Thanks for your help
You can't with the current certificate. HTTPS is HTTP inside an SSL tunnel, so before you can do the redirect at the HTTP level the SSL connection has to be established. But this fails because your certificate does not match the hostname. You need to get a certificate which includes both *.dummiesite.com and dummiesite.com (yes, this is possible).

SSL Certificates and Redirection

If a website is being redirected, does the original domain name need to have an SSL certificate, or the redirected domain name or both?
Both, because the redirection is an HTTP-level thing which happens inside the SSL envelope. The client needs to establish an SSL connection to the original host name before it sees the redirect, then after following the redirect it must establish another SSL connection to the target host name.
If you're redirecting between the www and non-www forms of the same domain, it's often the case that one certificate will cover both (using the "subject alternative name" mechanism). For example, I have a site with a certificate from RapidSSL, and when you ask them for a certificate securing www.example.com they automatically issue it with a SAN for the plain example.com form included. I have a single Apache HTTPD with two name-based virtual host definitions on the same IP address pointing to the same certificate.

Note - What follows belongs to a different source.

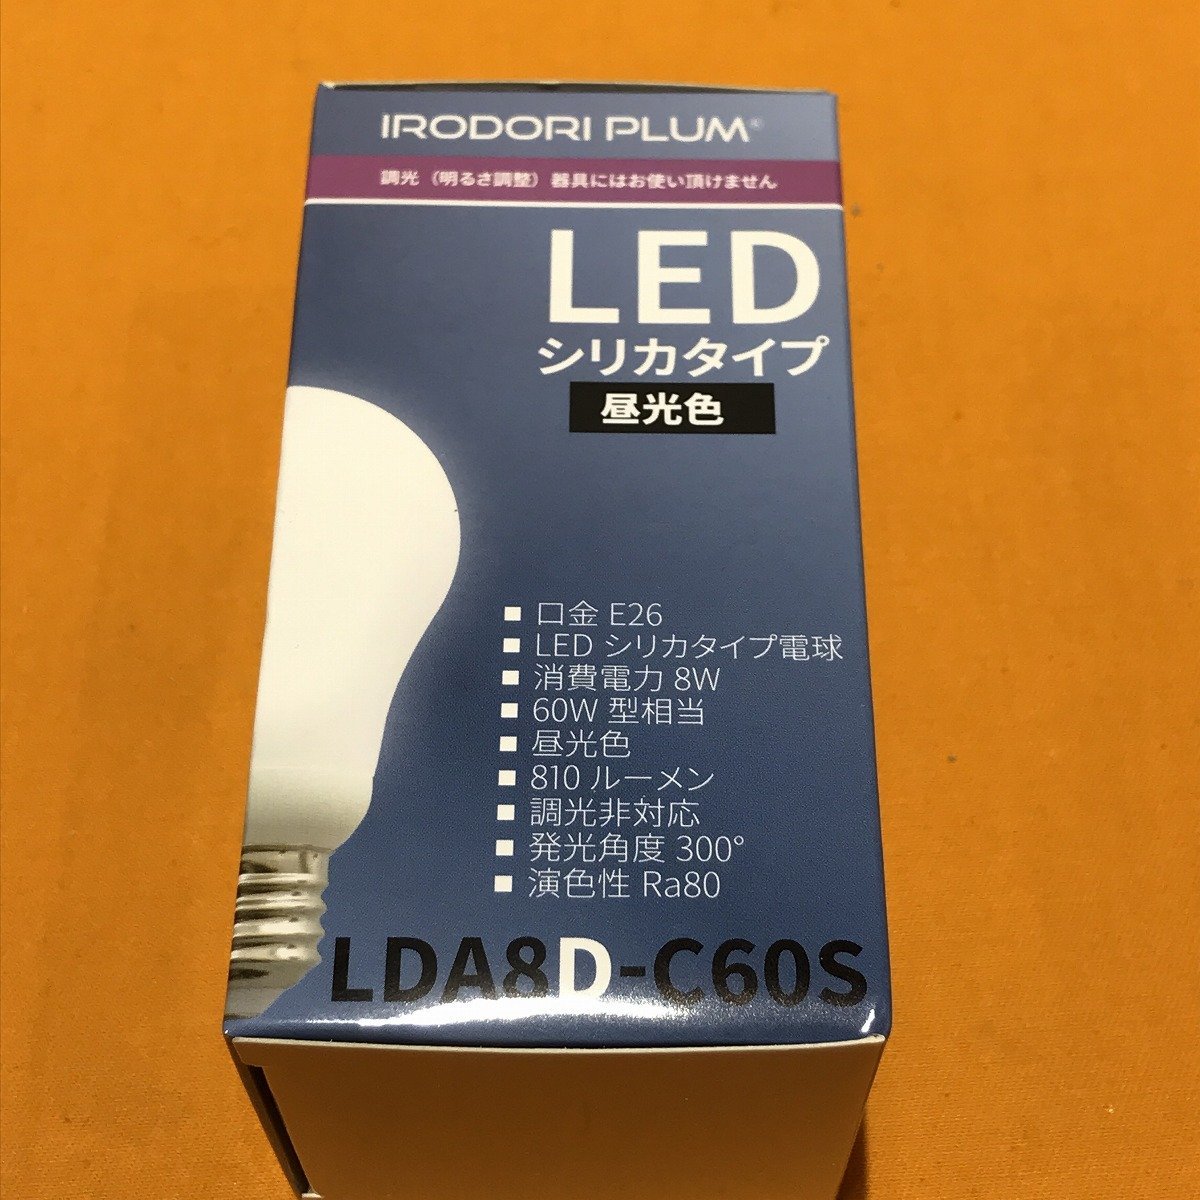 LED電球 (10個セット) ビームテック LDA8D-C60S 昼光色 60W 810lm E26 シリカタイプ IRODORI PRUM サテイゴー_画像5
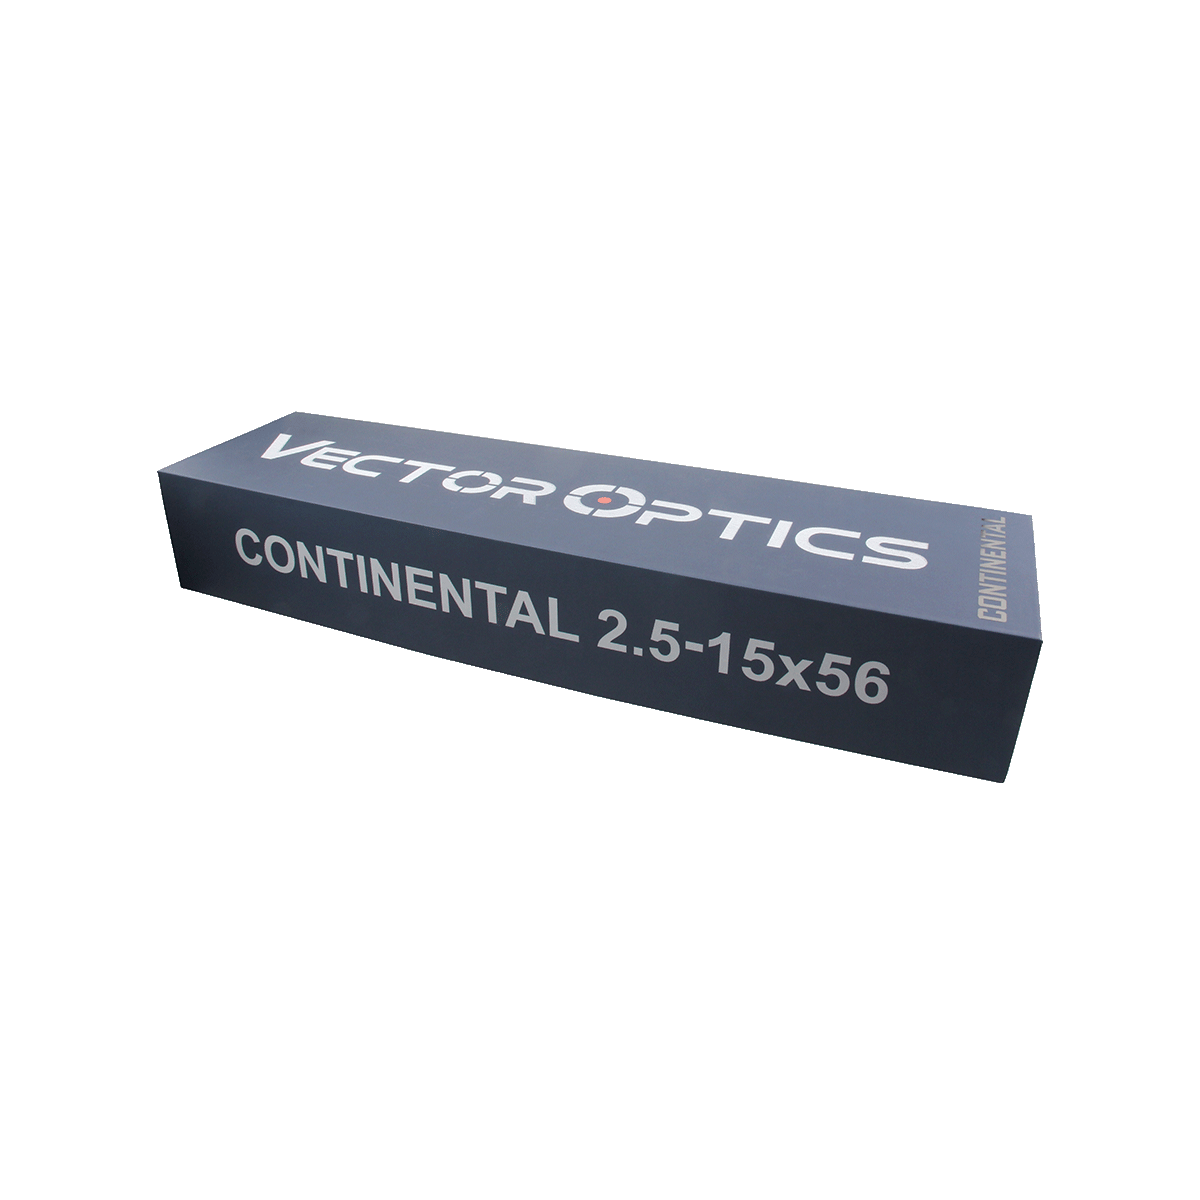 Continental x6 2.5-15x56 Riflescope BDC

Redirecting https://server.com to https://www.server.com in apache

I am trying to write a redirect in apache for URL of pattern:
https://server.com to https://www.server.com
without much success
Reason for rediect: My SSL certificate is on www.server.com, so I want the users to go on the correct site (and see secure icon).
Problem: The problem is that when I try to open https://server.com the browser gives me incorrect certificate error and none of my RewriteRule gets executed till I ignore the incorrect certificate problem.
How do I redirect in this case?
You can't do this with one certificate. The reason is that the web server needs to do the ssl handshake before it does the redirect, so you'll always have the problem with invalid certificate.
You really have only one option to do this - cover both, www and no www with a certificate and redirect. This can be done several ways, either get a certificate with multiple domain names called a SAN certificate, or get two certificates, one for www and one without. However, in the second case, you would need two web servers with different ip's to accomplish your task.
An alternate approach, one that use myself, is not to worry about it. Instruct users to go to regular http website and do the redirection yourself when SSL Cconnection is needed. This is what amazon.com does actually. They want you to browse http and they redirect you to SSL only when you buy something. Their certificate is also only valid for www, just go to https://amazon.com and you'll see their certificate is invalid without www

One SSL certificate for each subdomain and root redirection

I am setting up a secure website with two subdomains:
https://www.domain.com
https://xxx.domain.com
I have acquired two SSL certificates, one for each of the subdomains (standard installation using nginx). I have also set up the root https://domain.com to simply redirect to https://www.domain.com.
Most of the time, this setup works fine. However, for some browsers (notably IE8 and Android), when accessing https://xxx.domain.com I get a certificate error, where the browser shows the certificate info for https://www.domain.com.
I suspect these browsers fetch the certificate from the root domain which then redirects to https://www.domain.com and hence the mismatch problem.
Can anyone advice on how to deal with this situation? Is buying a wildcard certificate the sole solution?
Thanks
If you're using the same IP address for both, then yes, some sort of multiple name cert is the only practical solution at this point. Alternatively, if you run the xxx site on a different IP address, things should be okay.
This shouldn't be an issue for just IE and Android, though. I'm not sure what's up with that.
(Hmmm ... maybe this should be on serverfault).